Wednesday, July 15, 2009

Time to get Grumpy

A while back, Heather turned me on to a coffee place in Chelsea called Cafe Grumpy. There are lots of things about the place that I like. The first is that it's called Cafe Grumpy. The image I get in my head is of an old surly grizzled man--someone like the late William Hickey (right)--being annoyed and contemptuous with me for daring to come in and waste his time. I would tell him what I want and he would thrust it into my hands, the coffee sloshing and burning me. I would go to fix my coffee and this man--I'm going to call him Abe because I made him up--would go back to reading his periodicals or applying his ear medicine or whatever old people do. How on earth could a dank establishment like this stay open in a competitive place like Manhattan? I would be really pissed off, but all would be forgiven when I took my first sip. It would be the most delicious cup of coffee imaginable. Suddenly I would realize why a place like this would remain in business. It wouldn't be because of its dank decor or its awful customer service. It would be because the Abe can make a damn good cup of coffee. I would leave feeling a sort of kinship with this lonely, misunderstood man and as I leave I would doff my cap and Abe would flash a brief, faint, knowing smile.
Unfortunately none of this is real (although if any of you out there are interested in optioning the screen rights, I'm willing to negotiate.) Cafe Grumpy is a tiny establishment that has a fairly good rotating menu of coffees from around the world.
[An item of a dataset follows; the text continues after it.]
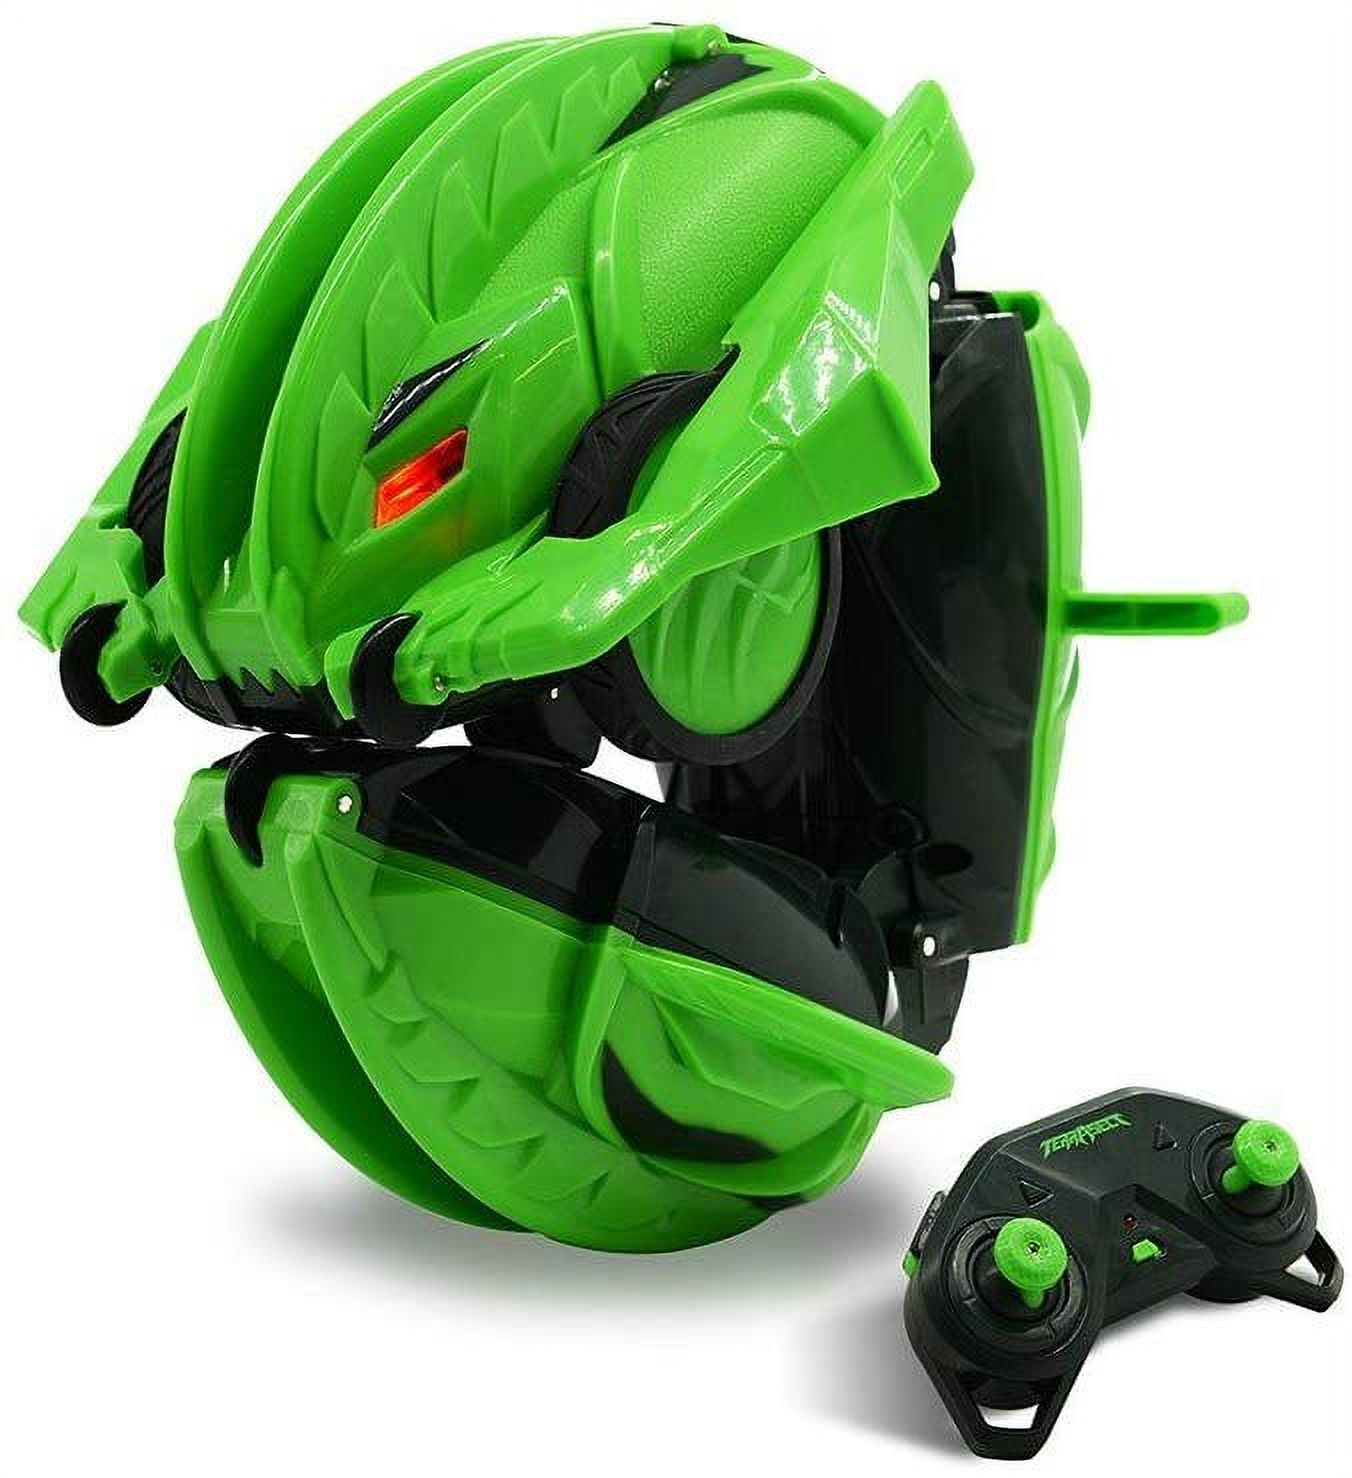 Terrasect Remote Control Transforming Vehicle, Green, 2.4 Ghz - image 1 of 9
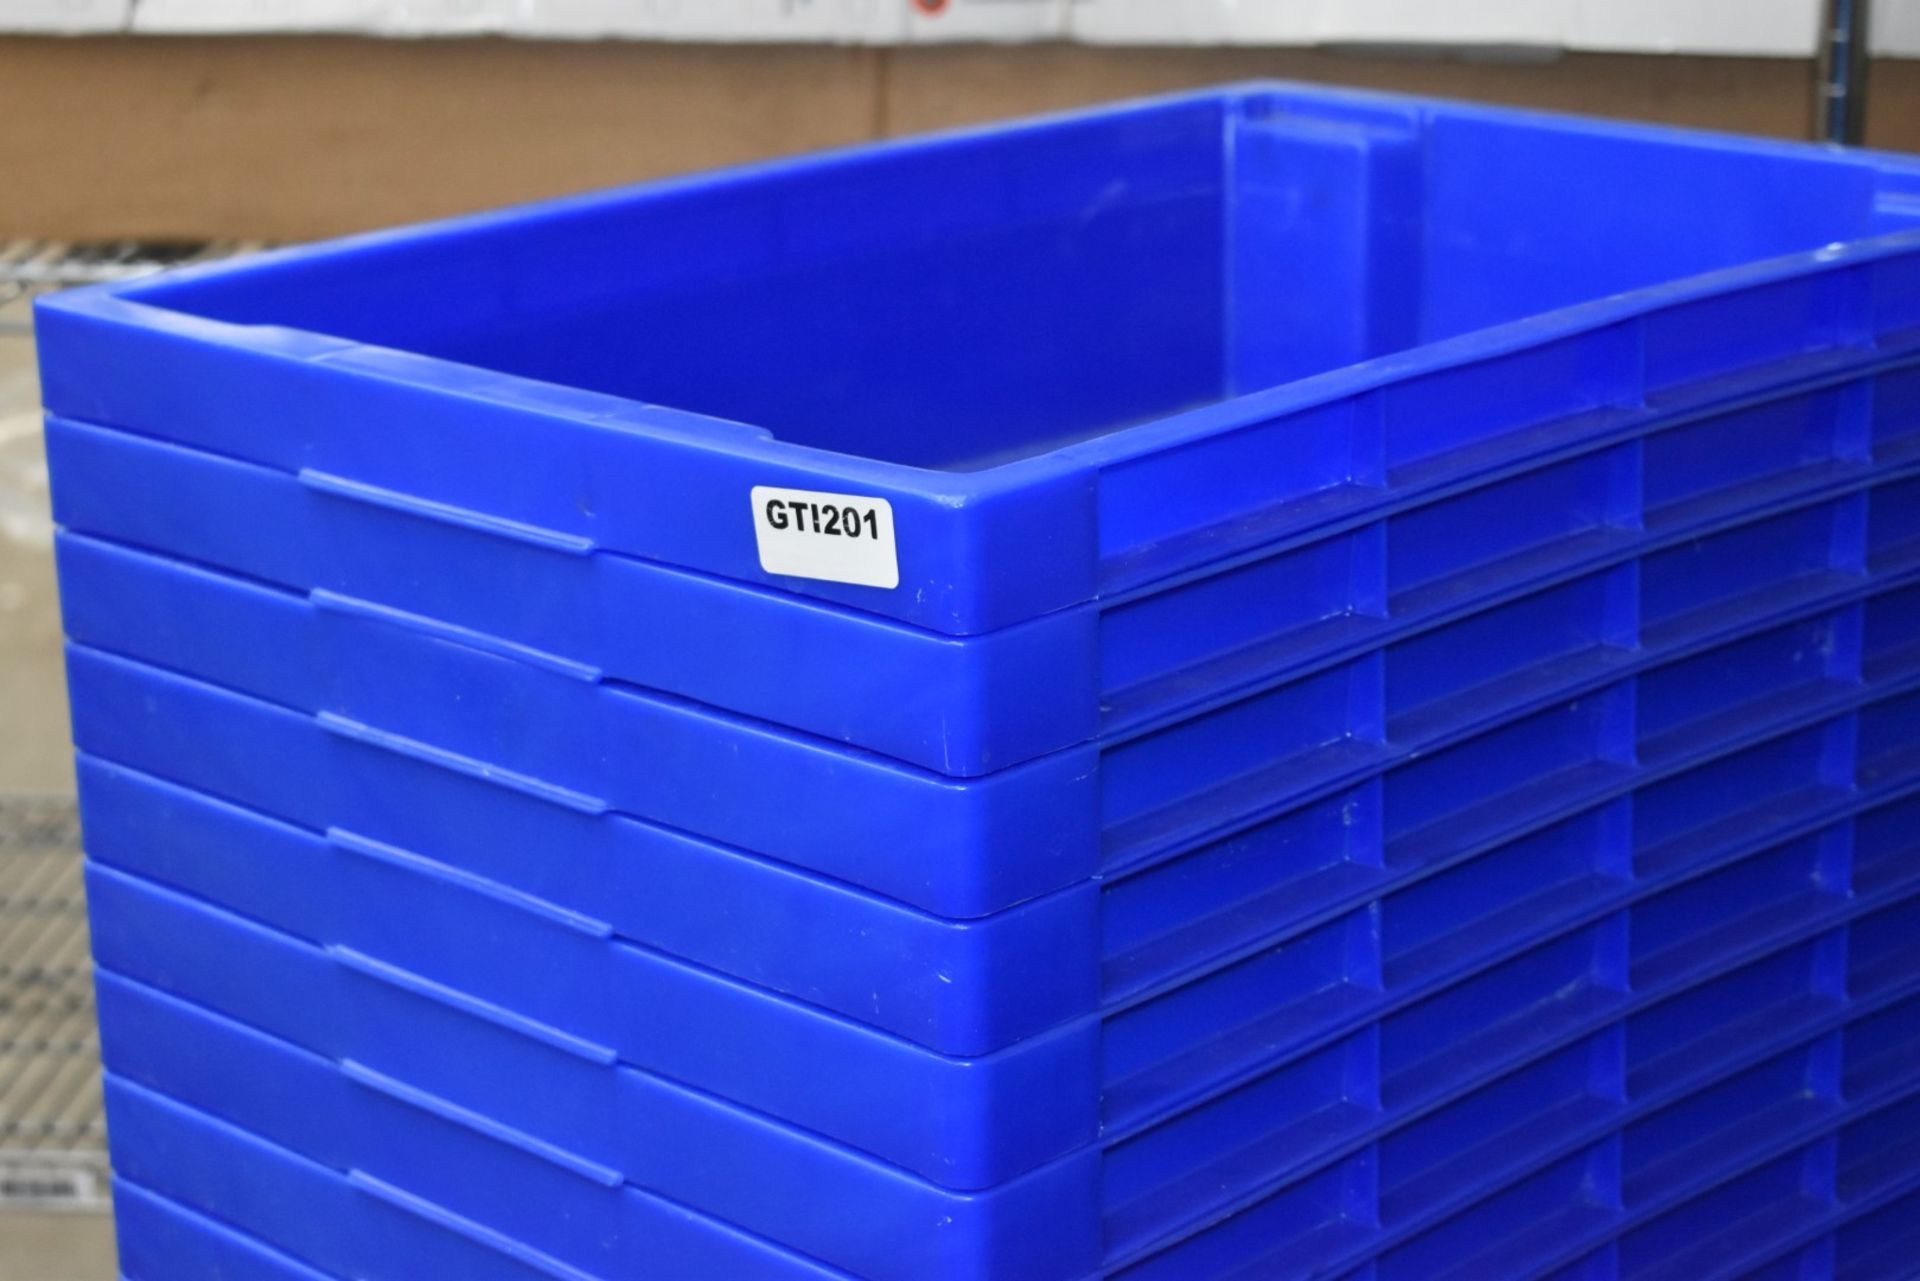 27 x Plastic Stackable Storage Trays in Blue - Includes Mobile Platform Dolly on Castors - Tray - Image 7 of 7

There's no sign
out front indicating that you've reached your destination with the exception of its logo. The logo for Cafe Grumpy is a face that looks suspiciously like the logo for lemonheads. I don't want to stir up controversy. I'm just saying that the similarity is striking.
The part that I think is noteworthy--and I'm sure there are other places that also do this--is that each cup is made individually. There's no giant industrial vat or seven gallon drum of coffee. This overworked staff uses state of the art machinery to grind the beans seconds before brewing. The result is a cup of coffee that is remarkably strong and fresh with a mild bitterness and fruity undertones. The other day I bought a cup of Brazilian coffee. It was really good, but it ran me a cool six dollars. I don't know if I've ever paid six dollars for a cup of coffee in my life. I ordered it, they rang me up and by the time I realized how much it cost, it was too late and I didn't want to look like an idiot.
With this type of quality comes a price. The coffee takes close to an eternity to be ready. I once walked in to Cafe Grumpy clean shaven and walked out with a sexy Van Dyke (right.) Another time I was able to file my 2008 tax return. Let me put it this way: If you've got Broadway tickets and are looking for a quick cup of coffee before the show, Starbucks might be the way to go.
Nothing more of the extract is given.